Task objective>
Your copy of the listing must be exact and must hold no images.

Information provided>
+ + + +
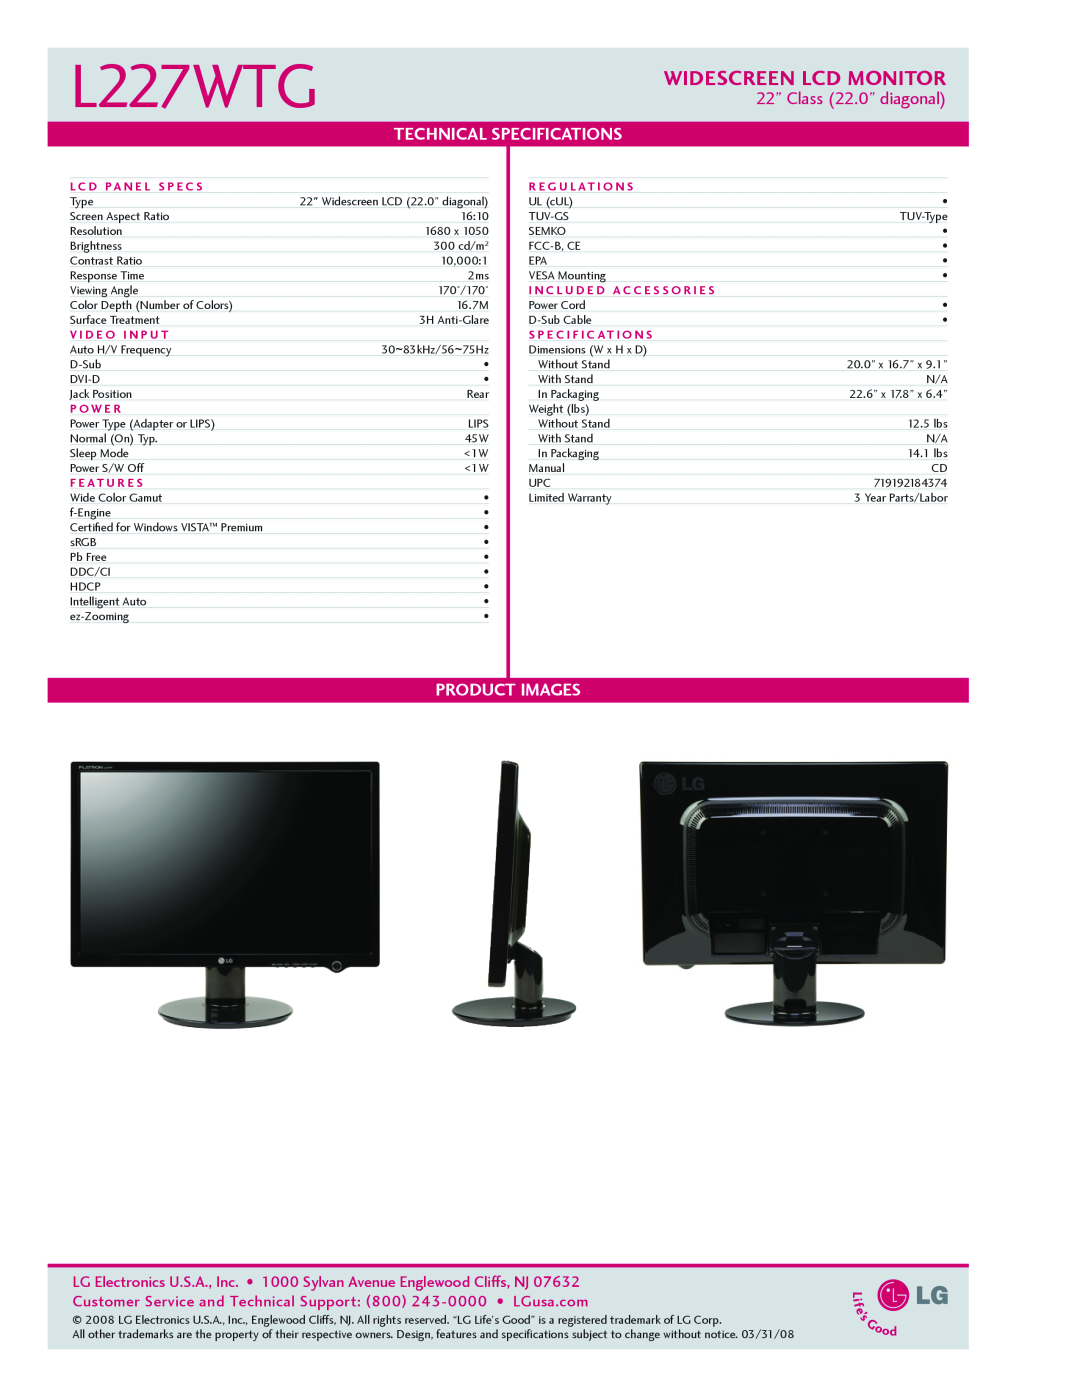 LG Electronics L227WTG manual Widescreen LCD Monitor, 22” Class 22.0” diagonal, Technical specifications, Product Images 
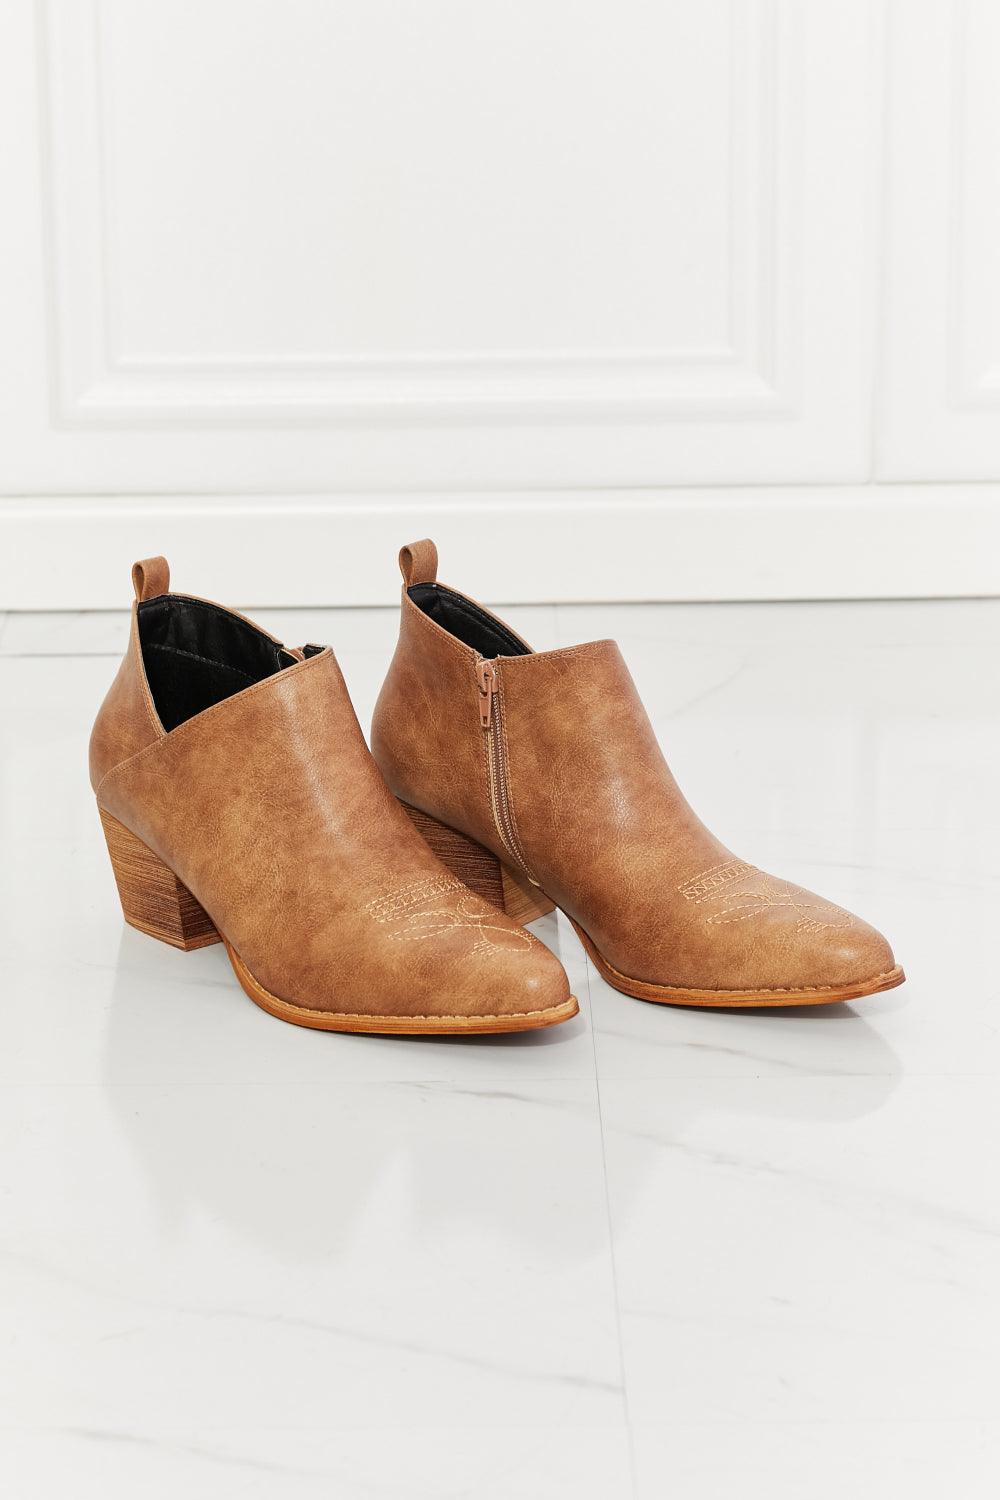 Trust Yourself Embroidered Crossover Cowboy Bootie in Caramel - Studio 653
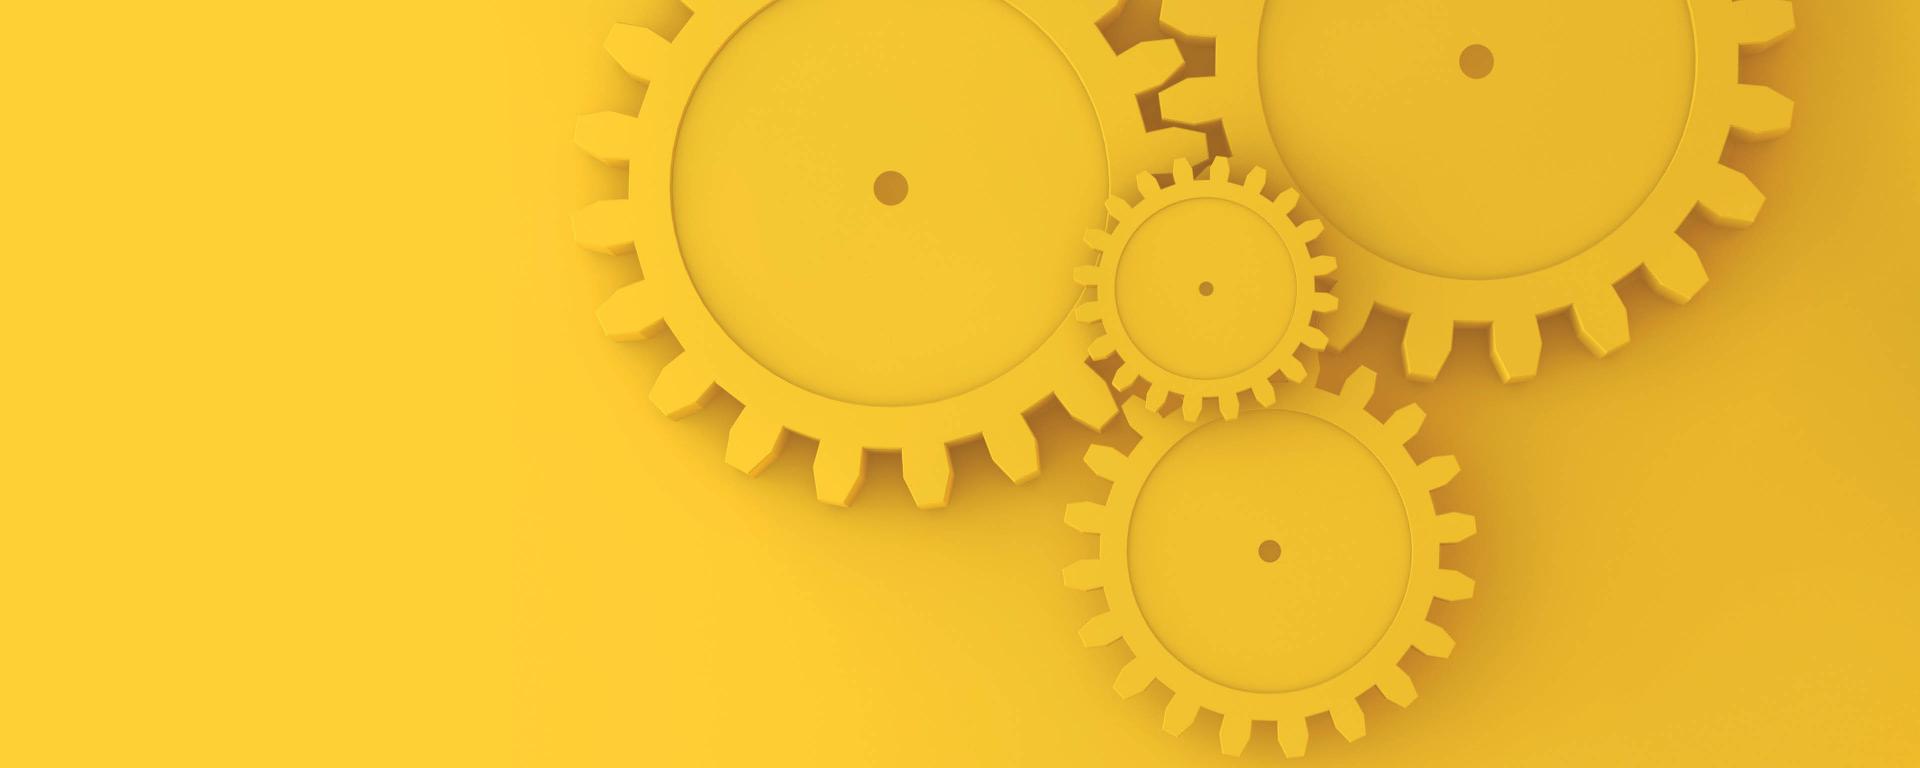 wheels in different sizes in a yellow color on a yellow background
+ + + +
Answer space>
 LG Electronics L227WTG manual Widescreen LCD Monitor, 22” Class 22.0” diagonal, Technical specifications, Product Images 
 Trust Yourself Embroidered Crossover Cowboy Bootie in Caramel - Studio 653
 wheels in different sizes in a yellow color on a yellow background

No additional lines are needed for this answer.